Individual pharmacist competence. A pharmacist's clinical knowledge, professional conduct, and fitness to practise are regulated by the Pharmacy Board of Australia through AHPRA. Pharmacist registration, continuing professional development, and disciplinary action all run through AHPRA, not QCPP. A QCPP-accredited pharmacy can still employ a pharmacist whose registration is restricted; the registration question is separate.

Clinical outcomes. QCPP does not measure dispensing accuracy rates, error rates, or patient outcomes. It measures whether the systems that should prevent errors are in place. The two are related but not the same.

Pricing or value. Accreditation has nothing to do with how cheap or expensive the pharmacy is. PBS pricing is set federally; retail pricing is set by each pharmacy.

Service availability. A QCPP-accredited pharmacy can choose which optional services to offer. Accreditation does not require vaccinations, Webster packs, compounding, or extended hours.

For an individual pharmacist's registration status, search the AHPRA register directly at ahpra.gov.au.

FeatureQCPPAHPRA (Pharmacy Board)
What it accredits or registersPharmacy as a business and premisesIndividual pharmacist as a practitioner
Mandatory?No, voluntaryYes, every practising pharmacist
CycleThree-year audit, annual self-assessmentAnnual renewal
Public registerqcpp.comahpra.gov.au
Covers clinical competence?NoYes
General information drawn from publicly available sources, which can change. Check anything that affects your situation with your pharmacist.

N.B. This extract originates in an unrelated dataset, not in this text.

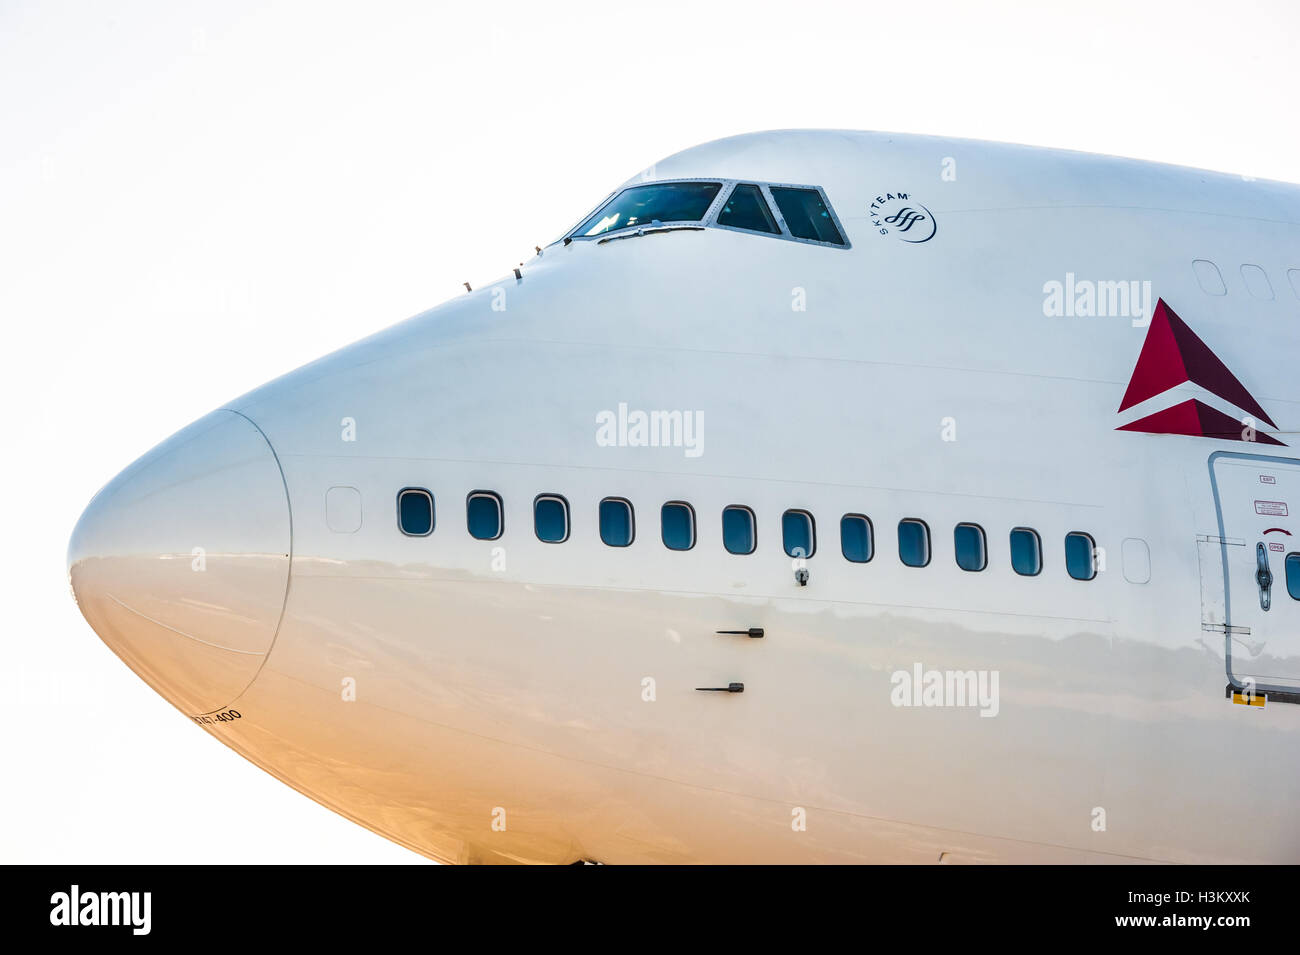 A Delta Air Lines Boeing 747-400 jumbo jet greets visitors to the Delta Flight Museum at Atlanta International Airport, USA. Stock Photo

How often pharmacies are re-accredited

QCPP accreditation runs on a three-year cycle. Each pharmacy completes a documented self-assessment annually and a full external audit every three years to maintain accreditation.

Between audits, the Pharmacy Guild monitors compliance through random spot checks and complaint follow-up. A pharmacy that lapses on the standard can have its accreditation suspended or withdrawn. Suspension and withdrawal are uncommon but happen.

The three-year cycle also means a pharmacy's accreditation can lapse between cycles if the renewal is not completed. If you see a QCPP logo at a pharmacy but cannot find the pharmacy on the register, the accreditation may have lapsed; ask at the counter or check the register directly.

What to do if you have a complaint that involves accreditation

Complaints about pharmacy practice in Australia have several possible homes. The right one depends on what the complaint is about.

A clinical or professional issue with a pharmacist (dispensing error, breach of confidentiality, professional misconduct): notify the Pharmacy Board of Australia through AHPRA at ahpra.gov.au/Notifications. This is the regulator with the power to investigate individual practitioners.

A premises or systems issue (storage, hygiene, signage, refusal of accessibility): contact the state pharmacy authority that issues the pharmacy's premises licence. Each state has its own authority; details are linked from the Pharmacy Board page.

An issue with QCPP accreditation specifically (the pharmacy is displaying a QCPP logo despite not being accredited, or a QCPP standard is being breached): contact QCPP directly through qcpp.com.

A general consumer complaint (customer service, billing, product quality): start with the pharmacy itself, then the state consumer affairs office.

For complaints involving a serious risk to the public, contact AHPRA and the state pharmacy authority in parallel rather than waiting on either.

Talk to someone now

Free advice for questions about a medicine, dose, or interaction.

Frequently asked questions

No. QCPP is voluntary. The legal requirement for a community pharmacy is a state pharmacy authority licence (which is mandatory) and PBS approval if the pharmacy dispenses PBS prescriptions. QCPP is an additional voluntary quality standard.